# DIY Frozen Food



## DZinck (Aug 18, 2010)

DIY FROZEN FOOD

Alright since I started this thread I`ve found a couple more recipes.

This one is ideal for loaches, website has a great description and pictures.
http://www.loaches.com/articles/home-cooking-your-own-frozen-fishfood

This one was created with cichlids in mind.
http://www.aquariumlife.net/projects/diy-fish-food/112.asp


----------



## pat3612 (Jan 29, 2008)

The only thing I would be lerry of is the v8 because of the salt content.


----------



## Philip.Chan.92 (Apr 25, 2010)

DZinck said:


> Im definitely going to do this soon. Price of bloodworms kills me!
> 
> http://www.loaches.com/articles/home-cooking-your-own-frozen-fishfood


Sounds like a great idea, keep us posted!


----------



## Merman (Nov 23, 2009)

*Serve Cold over Rice*

...your christmas guests will love it...lol.

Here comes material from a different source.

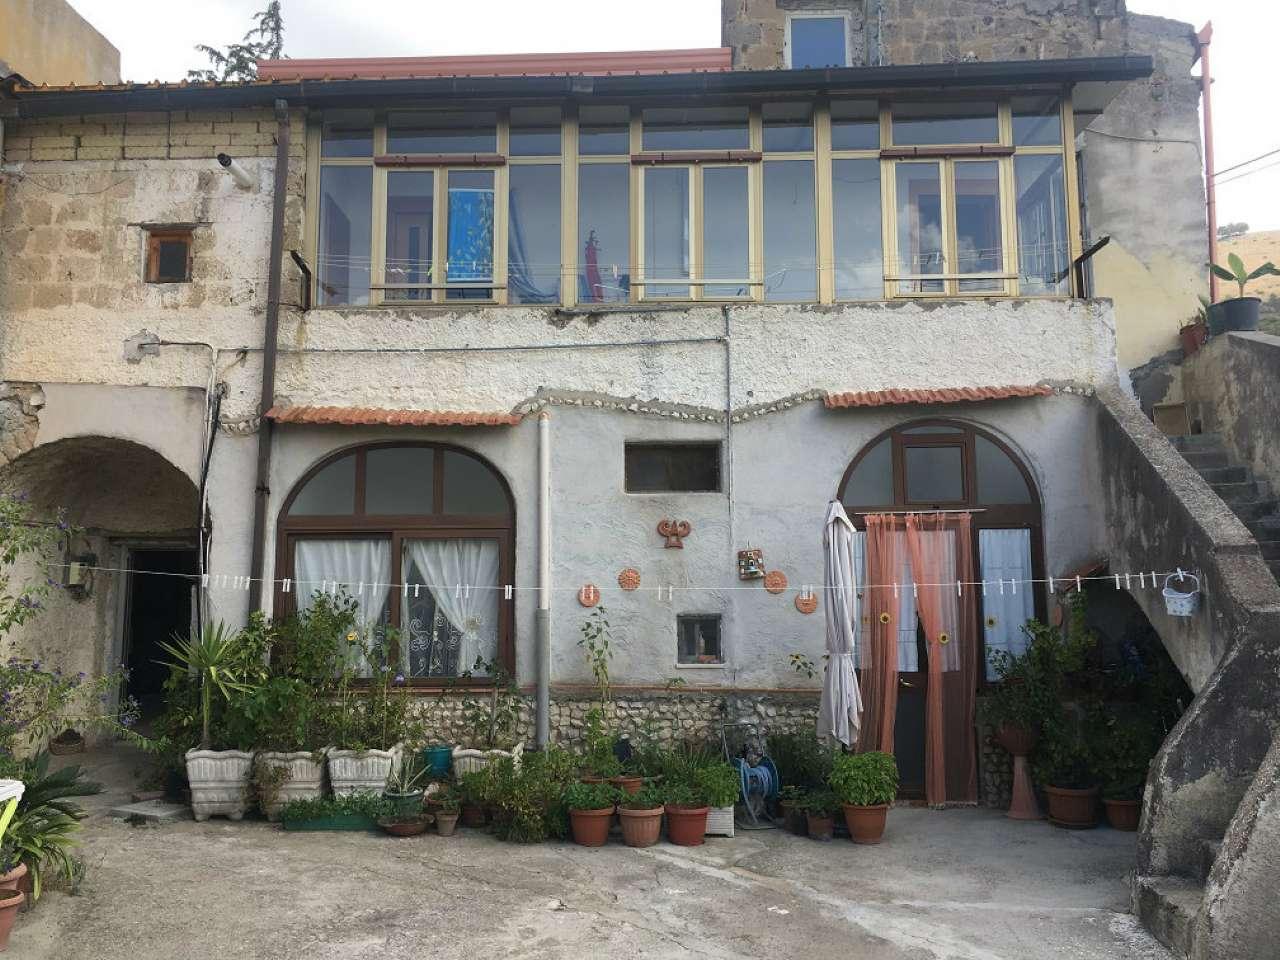 Soluzione Indipendente in vendita a Caserta, 2 locali, prezzo € 140.000 | CambioCasa.it

It's a variation on a recipe I use for my angelfish but I don't cook mine. This would sound about right for loaches. I think the banana and V8 are probably a good idea.

I use:

2 large bags of uncooked/frozen med. size shrimp (remove shells)
2 beef heart (approx 3 to 4 lbs - remove fat/veins)
2 bags of fresh spinach (boil briefly/about 1 1/2 mins./drain)
1 cup of krill (pre process to consistency of powder w some sm chunks)
2 large cloves of garlic (pre process)
1 cup of TetraMin Staple food
1 pack of gelatin (prepare as instructions on packet)

My recipe is much more expensive and the main cost comes from the krill and shrimp. I like the loach recipe and may try it in the future - far less expensive using the liver and white fish.

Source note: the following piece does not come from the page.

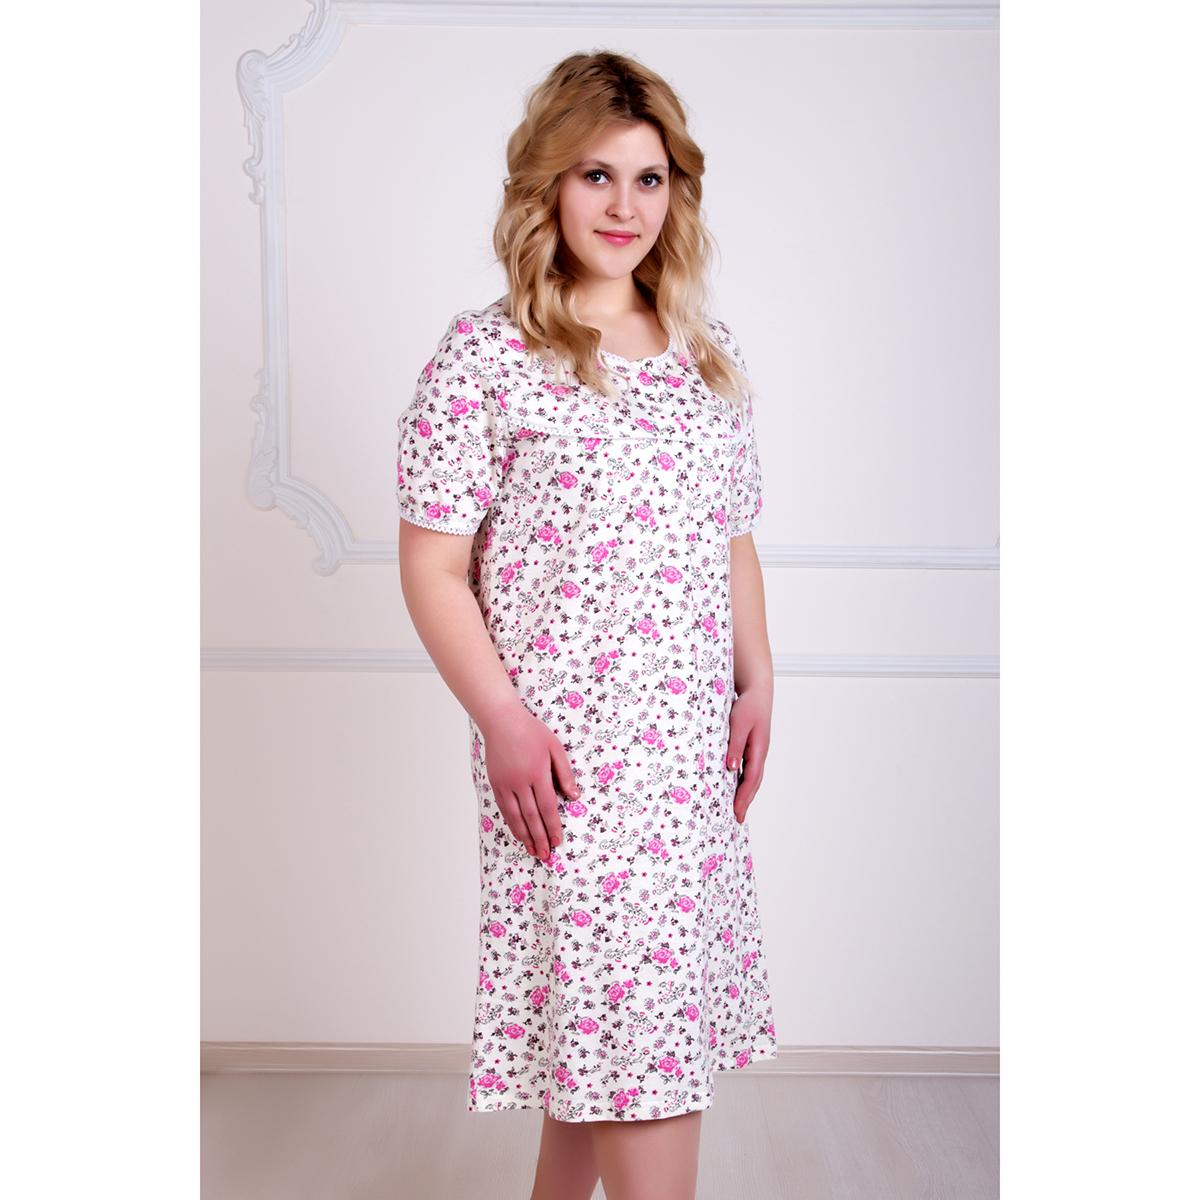 """Женская сорочка """"Цветочек"""" арт. 0288, размер 48 Лика Дресс"""

It's amazing how you can get fish to eat spinach and banana when combined with things they really like such as krill and beef. The gelatin does a great job in holding the food together.

It may take a little while for your fish to get used to it but they will. I was amazed at the great coloration in my fish after feeding this for a while.

Home made foods are definitely worth the effort. You wonder how your fish got by before you started using it.


----------